WeatherProviderRegistry
Class: App\Services\Weather\WeatherProviderRegistry
Manages weather data providers.
Methods
register(string $slug, string $class): void // class-string<WeatherProviderInterface>
resolve(?string $slug = null): WeatherProviderInterface
availableProviders(): array // array<string, array{name, requires_api_key}>
activeSlug(): string
PdfRendererRegistry
Class: App\Services\Pdf\PdfRendererRegistry
Manages PDF generation engines (default: DomPDF).
Methods
register(string $slug, string $class): void // class-string<PdfRendererInterface>
resolve(?string $slug = null): PdfRendererInterface
ReportFormatRegistry
Class: App\Services\Report\ReportFormatRegistry
Manages export formats (PDF, CSV, and custom formats).
Methods
register(string $slug, string $class): void // class-string<ReportFormatInterface>
resolve(string $slug): ?ReportFormatInterface
availableFormats(): array
ScheduledTaskRegistry
Class: App\Services\Scheduler\ScheduledTaskRegistry
Manages cron tasks.
Methods
register(string $slug, string $class): void // class-string<ScheduledTaskInterface>
resolve(string $slug): ?ScheduledTaskInterface
enabledTasks(): array // instantiated enabled tasks
recordRun(string $slug, string $status, ?string $error, int $durationMs): void
lastRun(string $slug): ?object // last execution record
allWithStatus(): array // all tasks with their last run info
DiagnosticReporterRegistry
Class: App\Services\Diagnostic\DiagnosticReporterRegistry
Manages error/crash reporting backends.
Methods
register(string $slug, string $class): void // class-string<DiagnosticReporterInterface>
The DiagnosticManager dispatches to all enabled reporters.
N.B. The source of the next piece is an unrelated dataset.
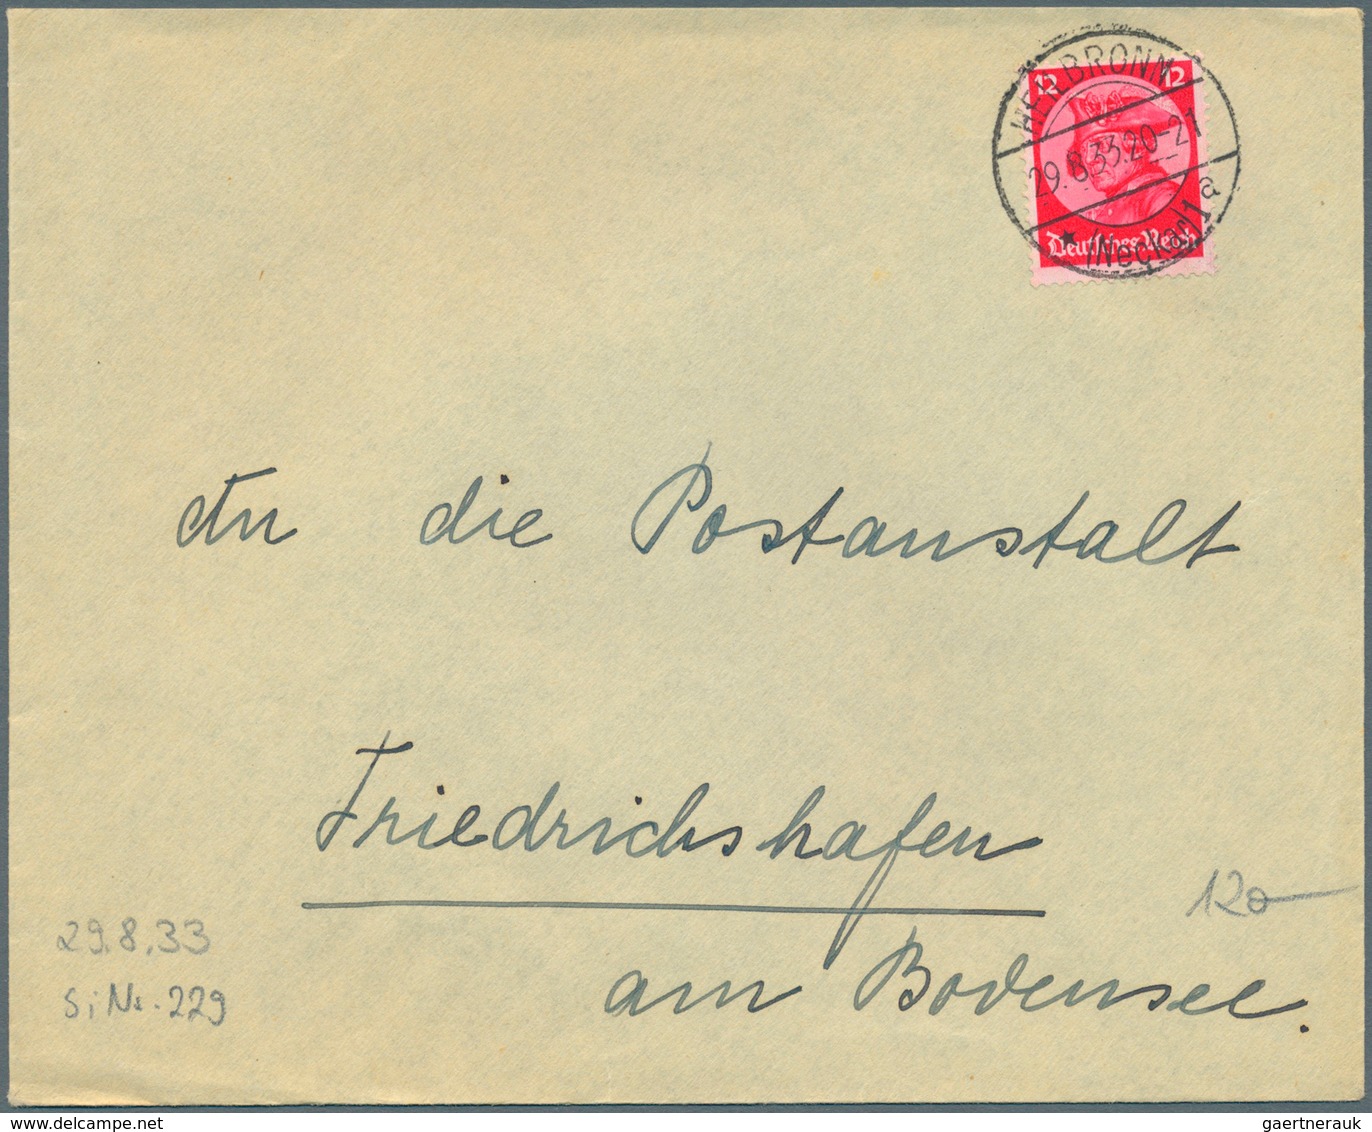 24845 Zeppelinpost Deutschland: 1929/33, 125 Briefe adressiert nach Friedrichshafen an das dortige Postamt

Payloads are sanitised by DiagnosticPayloadSanitizer before sending, so sensitive fields do not leave the installation unfiltered.
ModuleAssetRegistry
Class: App\Services\Extension\ModuleAssetRegistry
Manages CSS/JS assets from modules.
Methods
registerAssets(string $slug, string $modulePath): void // reads dist/manifest.json
getCss(): string[] // URLs of all registered CSS files
getJs(): string[] // URLs of all registered JS files
all(): array // all assets with type, url, slug
ModuleApiRegistrar
Class: App\Services\Extension\ModuleApiRegistrar
Creates prefixed, authenticated API route groups for modules.
Methods
routes(string $slug, int $version, Closure $callback): void
Creates routes at /api/mod/{slug}/v{version}/ with module.api:{slug} middleware and module.{slug}.api.v{version}. route name prefix.
A concrete module combining navigation, a dashboard widget, settings, and routes is built step by step in the Quick start.